There are inconsistencies from one place to another around the world.
These idiosyncrasies are what make the world so interesting for travellers.
OSM needs to cater for that.
Reading the OSM wiki can be reading the last change by some editor
'fixing' it for their view, which may well be fine for their part of the
world but not meet your view out your window.
Some mappers now ignore the wiki.
For Australian specific thing - this list and the wiki guidelines are
your friend.
Changing the Australian Guide wiki is usually done by consultation here,
so you get a broader view than a single idea.
On the general wiki .. vagueness may well be in place to allow for these
world variations. Changing it is difficult in that others may object to
your changes... the problem becomes one of reaching an agreement.. and
then someone else objects etc.
On 21/09/19 12:02, Sebastian S. wrote:
Hi Andrew, I fully, whole heartedly agreed.
Wiki is supposed so evolve.
Gardening to fix little broken or spelling issues.

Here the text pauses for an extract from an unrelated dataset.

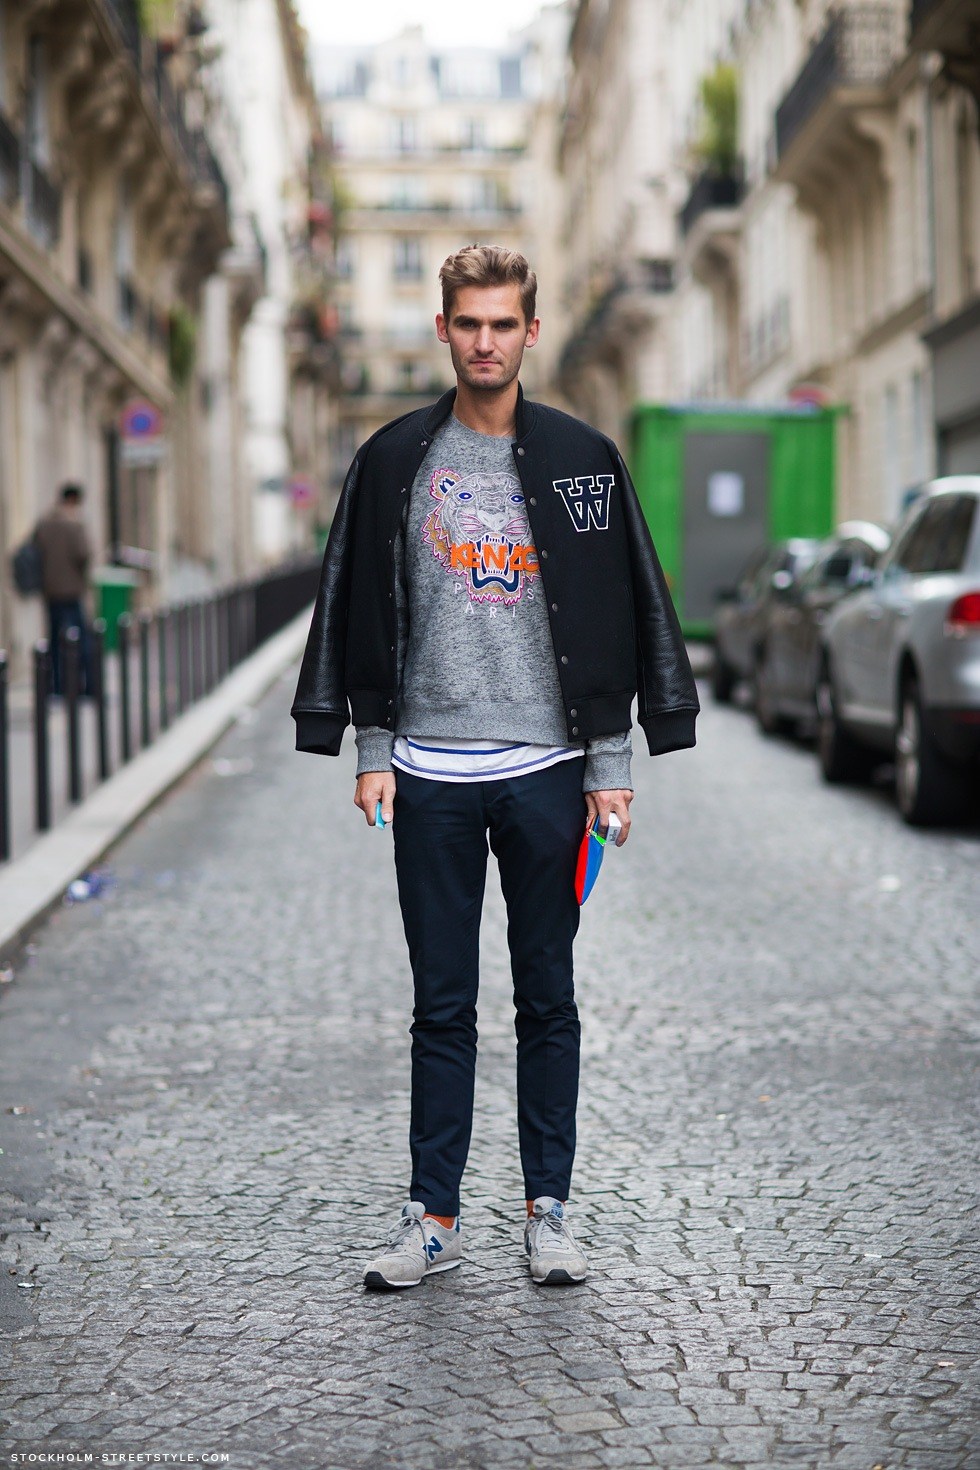 Стильные мужские джинсы 2018: 70 модных деним-образов сезона

Bigger changes are best outlined here on the list to capture common
sentiment.
I must admit I often just look up things in the wiki, so for me it is
mostly a reference and it takes more commitment to actually improve.
To update e.g. tagging guideline aspects one would first need to step
back, which is what you seem to have done.
--
Sent from my Android device with K-9 Mail. Please excuse my brevity.
On 21 September 2019 10:45:44 am AEST, Andrew Harvey
<andrew.harv...@gmail.com> wrote:
I completely agree the "how to map" of OpenStreetMap (not just
tags, but also things like when to split a highway, when to snap
nodes, what should be mapped etc) is full of "inconsistencies,
idiosyncrasies and vagueness". But when I look at where OSM is
today I think we've done a pretty amazing job all things
considered, yes we still have much more work to do, but being a
mostly volunteer self organising community the best way to make
OSM stronger is hands on driving this change.
I think the easiest way to get started is improving documentation
on the wiki, documenting all the different "how to map" concepts
used today, documenting these "inconsistencies, idiosyncrasies and
vagueness", then as a community we can refine approaches to
eventually resolve these issues. There's a lot of precedent in OSM
for deprecating things when we have better/more commonly used.
Any time you encounter an inconsistencies I'd encourage you to
raise it, either on the globally tagging list, or if it's local
here on talk-au.
On Sat, 21 Sep 2019 at 09:57, Herbert.Remi via Talk-au
<talk-au@openstreetmap.org <mailto:talk-au@openstreetmap.org>> wrote:
A special thank you for the links yesterday. I have read them.
"Australian Tagging Guidelines" and "Good practice" are worth
knowing and I am very grateful for our forefathers that put so
much effort into writing these documents. It worth noting,
however, when you compared the two that they are riddled with
inconsistencies, idiosyncrasies and vagueness. It is worth
remembering this when we experience another of those "I am
right, you are wrong" conversations.
Reading "Australian Tagging Guidelines," I thought of Geffory
Rush from Pirates of the Carribean, "they are more guidelines
than rules." Unapproved tracktypes for 4WD (inventing tags,
don't exist but perhaps they should) and small towns called
cities so they appear the map (mapping for the renderer), and
the principle of "we map what is there" but then don't map
what is private (often difficult to verify too). The
descriptions are full of contradictions and vagueness. The
"Lifecycle prefix" wikitext needs more work, particularly
examples of use to get consistency in its application. As much
of it is not rendered (Mapnik), mapping it could be considered
as a low priority.
Harry Wood's blog "community smoothness" addresses vagueness
in language and how everybody has a different opinion of what
a text means. That is not new of course and with certainty,
everybody has an opinion about what the right way is. It is
human nature, when it comes to our own beliefs, every evidence
supporting it is embraced and every evidence against excluded.
Finally, it is easy to forget that the Wiki is written in
dozens of different languages and there will be
inconsistencies between Wiki entries in different languages. I
can verify that for two. English and German wiki pages
descriptions are not surprisingly culture-specific (see also
the chemist/pharmacy/drug store discussion for AU/UK/US
comparison).
Despite our best efforts inconsistencies, idiosyncrasies and
vagueness will reign in the OSM anarchy.